三娘再次輕輕抽了一下手,發現沒抽動,于是就放棄了抵抗。輕笑著說道:“你放心,我真的沒事。何況你不是讓玉玲姐姐來告訴我,讓我等你嗎?我都懂的,你是為我好。”說完,她又輕輕抽了一下手,發現還是沒辦法抽動。
趙頊忽然低下頭,聲音啞啞的,里面似乎帶了些哭腔:“我不知道現在這樣到底對不對。不知道這樣冷著你到底對不對。只是我也不知道該如何護著你。可是看到邢妃那般,我就很害怕,我很怕他們也會那樣針對你。”說完他抬起眼睛看著三娘,眼睛潮潮的。
然后他轉開臉,不看三娘,聲音低了下去:“我覺得自己很沒用,前面的事情做不好,后宮的事情也亂七八糟……還委屈著你……”說到最后,他竟然說不下去了。
三娘心里也跟著潮濕起來,他知道趙頊只有在自己面前的時候才會露出這樣脆弱的一面。于是反手握著他的手,輕輕的拍著,安慰著說道:“我不委屈,也沒欺負我。后宮的事說到底也是皇后和太后需要操心的事。至于邢賢妃和孩子,是人為也好,是意外也好,你都盡力去查證了,也封賞了二皇子和邢賢妃。你做的很好了。沒有人是萬能的,也沒有人能做完所有的事,更不要要求自己事事做的完美。你只是一個人,是一個有責任心的人,是一個溫柔的人。所以你才會難受、才會自責。但是這些事都不怪你,你做的很好了,無須自責……”她是聲音好像涓涓的溪流,慢慢的流淌進入著趙頊的心,讓他漸漸安定下來。
趙頊很喜歡這種感覺,就好像孱弱的秧苗遇到了春日的陽光照耀,或者是干渴的魚忽然被放回了河流,再或者是難熬的仲夏星夜吹到了涼爽的風。他不語的看著三娘,只將她的手握的更緊。
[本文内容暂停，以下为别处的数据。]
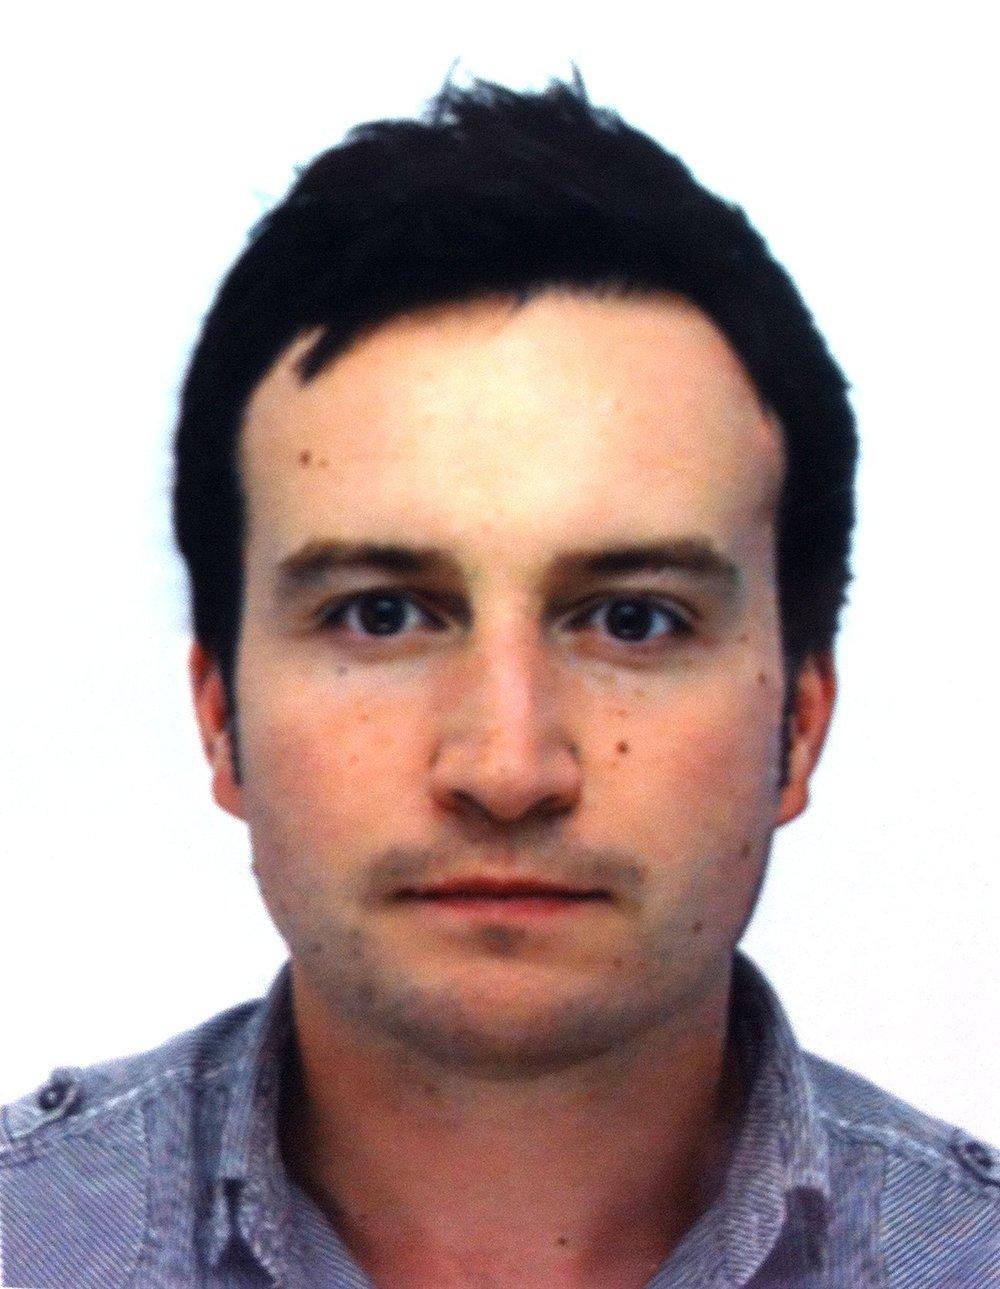 profile_image1.jpg

三娘見他不說話,就繼續說著:“我的事你不用擔心,你只要在前朝安心便是。你本來就是有大抱負的人,我相信你可以實現你的理想。只是,若是政務上不順利,你可以多和王安石大人、還有那個章狀元大人聊聊。再有事情,你可以找楊家大哥和我大哥聊聊,他們應該也能幫你些。”
趙頊聽到她說的“章狀元大人”,有些好笑,原本平靜下來的心也更輕松了一些。于是眼里帶著笑意的問她:“你剛剛所說的可是章衡?”三娘聽了,微微皺眉思考了一下,點點頭:“哦,對對,叫章衡。上次聽你和蔡二公子說起來的時候,只記住了他是嘉佑年的狀元,比蘇軾蘇先生還要更勝一籌。就記住了他的狀元身份,忘記了名字。”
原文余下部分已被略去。